One of the things I ensured was possible for external file lists was that you can use an object list created with psql when using the \t and \o options

postgres=# \t
Showing only tuples.
postgres=# \o table_filter
postgres=# select schemaname || '.' || tablename from pg_tables;

You could then use the table_filter file with the -t_file or -T_file options. I use this ability at work for a cronjob that generates a specific list of views I want exported and tracked in SVN. But that view list is not static and can change at any time. So the cronjob generates a new view filter file every day.

perl -U postgres --dbname=mydb --gettables -Fc
--t_file=/home/postgres/tbl_incl --getdata

This extracts only the tables listed in the given filename along with the data in the pg_dump custom format. By default, pg_extractor’s output will all be in plain (-Fp) format since the intended purpose of the tool is to create output in a human-readable format.

perl -U postgres --dbname=mydb --pgdump=/opt/pgsql/bin/pg_dump
--pgrestore=/opt/pgsql/bin/pg_restore --pgdumpall=/opt/pgsql/bin/pg_dumpall --getall
--regex_excl_file=/home/postgres/part_exclude --N=schema1,schema2,schema3,schema4

This excludes objects (most likely table partitions) that have the pattern objectname_pYYYY_MM or fairly similar. Binaries are also not in the $PATH and it EXCLUDES several schemas.

part_exclude file contains: p?(20|19)\d\d(_?\d+)*$

perl -U postgres --dbname=mydb --svn --svncmd=/opt/svn/bin/svn
--commitmsg=Weekly svn commit of postgres schema --svndel

This is an example using svn.

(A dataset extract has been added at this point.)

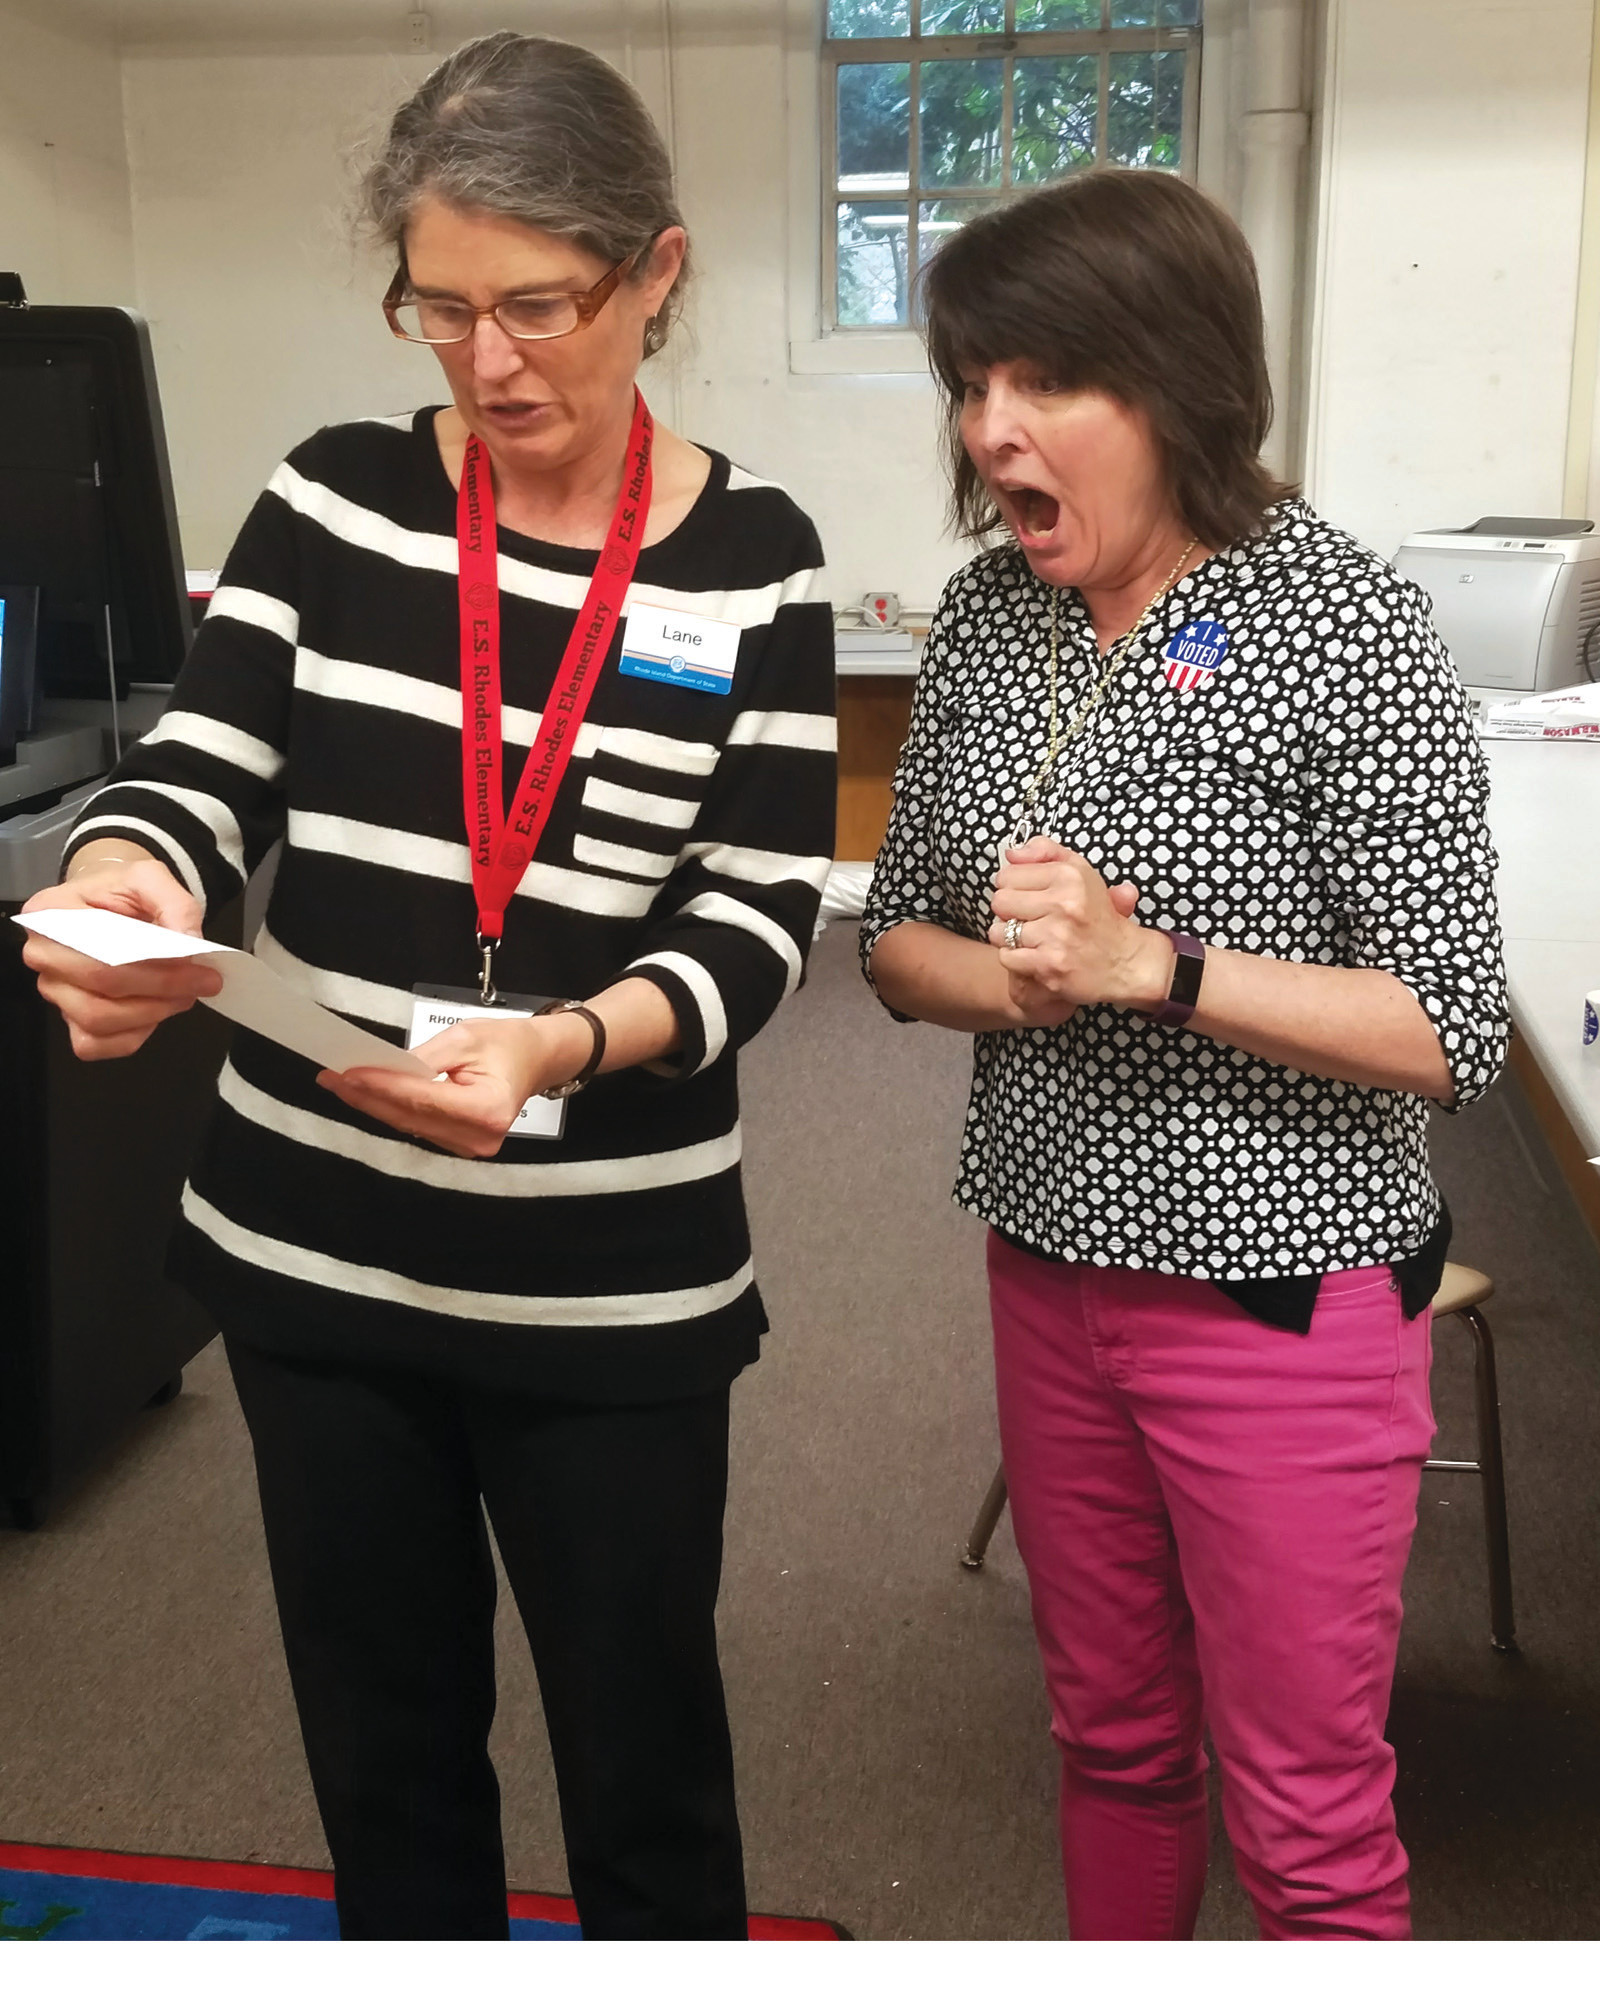 THE VOTES ARE IN: Lane Sparkman, representing the office of the Secretary of State, gives fourth-grade teacher, Susan Weber, the results of the school-wide election. The horseshoe crabs took the win by a landslide, 169 to 40 votes.

To keep the svn password out of system logs, the svn username & password have to be manually entered into the script file. It’s the only option that requires any manual editing of the source code. May see about having this as an option that points to an external file instead. The -svndel option cleans up any objects that are removed from the database from the svn repository.

Update: Writing up this blog post got me motivated to fix having to edit any source to get a certain option to work. There is now an -svn_userfile option where you can give it the path to a file containing the svn username and password to use. See the help for formatting. Just set permissions appropriately on this file for security and ensure the user running pg_extractor can read it.

One of the first fun issues I came across was handling objects that have special characters in their names. It’s rare, but since individual objects are all in their own files based on their object names, the OS doesn’t particularly like that, and caused some rather annoying errors every time the script ran. This is now handled by hex-encoding the special character and preceding that character with a comma in the file name.

For example: table|name becomes table,7cname.sql

This hopefully makes it easy to decode if needed by any other tools. It’s actually done internally in the tool when you want objects that were deleted to also have their files deleted on subsequent runs.

One issue that I still haven’t solved (and make note of in the source where it would possibly be handled) is that the signature for a function when you do a pg_restore -l is different for any comments that are also associated with that function if variables are named in the parameter list.

pg_restore -l pgdump.pgr
14663; 1255 16507 FUNCTION keith do_something(integer, text) postgres
48818; 0 0 COMMENT keith FUNCTION do_something(data_source_id integer, query text) postgres

Since looping back over the pg_restore -l list is how I find overloaded functions, ACLs and comments, it means it’s very hard to match those comments with those functions in all cases since PostgreSQL has variable types with spaces in them. If anyone has any solutions for this, I’d appreciate feedback. But this honestly seems like a bug to me since only the variable type in the parameter list is actually needed to uniquely identify a function. If it’s ok for the function definition itself, it should be ok for the associated comments as well.

As I said in the beginning, I will hopefully get Git integration done as well. Another option I’m working on right now is a filter for objects where a role has permissions on it, not just ownership (which there is an option for!). For example, dump all objects that the role keith has permission on. Maybe even more specific permissions.

I hope others will find this as useful as I have. It’s one of my first large projects released into the public, so I’d appreciate any constructive feedback on code quality and bugs found. I’ve enjoyed working on it and learned a great deal in the process.